What Is Edge AI?

Edge AI—also referred to as on-device AI—commonly refers to the components required to run an AI algorithm locally on a hardware device.

Of late, it means running deep learning algorithms on-device, and most articles tend to focus only on one component i.e. inference.

This series of articles will shed some light on the other components and challenges of Edge AI.

This series is divided as follows:

Part 1: Why Run AI Algorithms on Edge
Part 2: Edge AI Components - Sensor Data Capture
Part 3: Edge AI Components - Pre-processing
Part 4: Edge AI Components - Inference
Part 5: Edge AI Components - Performance Evaluation
Part 6: Edge AI Components - Real Time Metrics
Part 7: Edge AI Components - Scheduling & System Architecture
Part 8: Edge AI Components - Bridging the gap between Edge AI & Cloud AI

Experimental Setup

Edge devices are very diverse in their cost/capabilities. To make the discussion more concrete, here’s the experimental setup used in this series:

Qualcomm Snapdragon 855 Development Kit [4]

* Qualcomm Snapdragon 855 Development Kit.

* Object Detection as the Deep learning model to be run on an Edge device. There are a lot of good articles describing state of the art in Object detection [survey paper]. We will use Mobilenet SSD model for Object Detection in this series.

* Tensorflowjs to quickly run object detection model in nodejs environment

Why run AI algorithms on Edge

Why can’t we rely on cloud to run AI algorithms? After all scaling resources to run an AI/Deep learning model to match your performance needs is easier on cloud. So why should one worry about running them on an edge device with compute and power constraints? To answer this question let’s consider two scenarios:

a) Cloud based architecture, where inference happens on cloud.

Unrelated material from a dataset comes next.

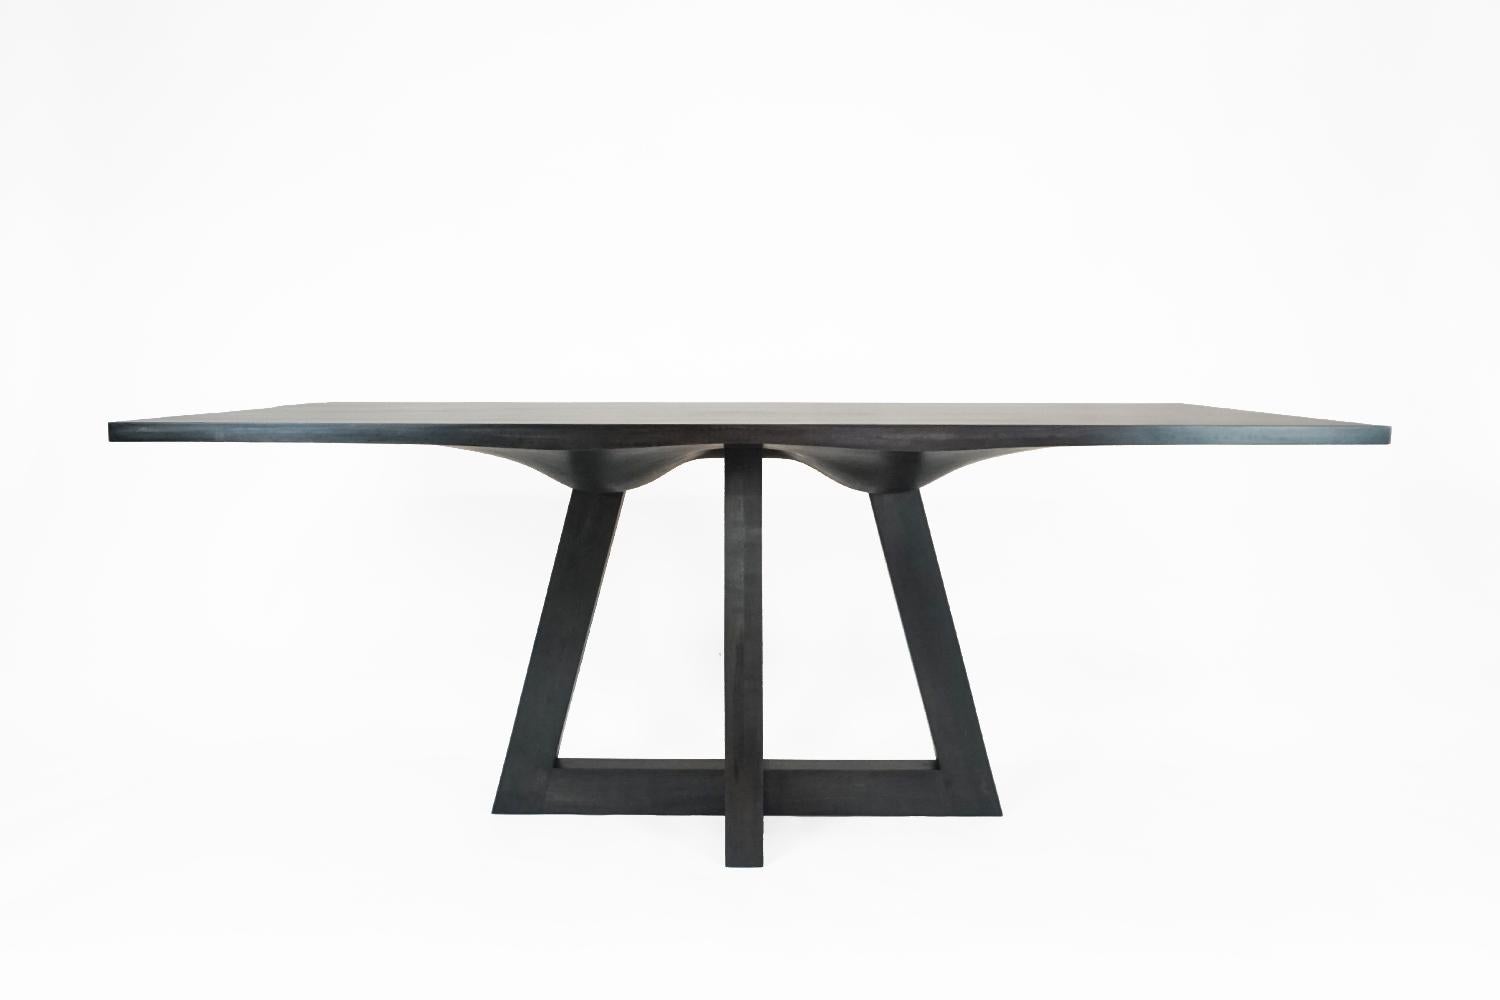 Ebonized dining table by Vincent Pocsik

Vincent’s work balances old and new fabrication techniques to breathe new life into materials while holding onto the richness of the past. This process is influenced by the desire to push the traditional

b) Edge based architecture, where inference happens locally on device.

(To keep the comparison as fair as possible, in both the cases a nodejs webserver along with tensorflowjs (cpu only) will be used, only difference being that in case a) webserver will run on an EC2 instance and in case b) webserver will run locally on an edge device. Goal here is NOT to have an optimized implementation for a platform (cloud or edge) but rather to have a framework to do fair comparison.)

Cloud based architecture

Here’s how a cloud based setup would look like, it would involve the steps detailed below:

Cloud only Architecture for Inference. (image references at end).

Step 1: Request with input image

There are two possible options here:

* We can send the raw image (RGB or YUV) from edge device as it’s captured from a camera. Raw images are always bigger and takes longer to send to cloud.

* We can encode the raw image to JPEG/PNG or some other lossy format before sending, decode them back to raw image on cloud before running inference. This approach would involve an additional step to decode the compressed image as most deep learning models are trained with raw images. We will cover some more ground on different raw image formats in future articles in this series.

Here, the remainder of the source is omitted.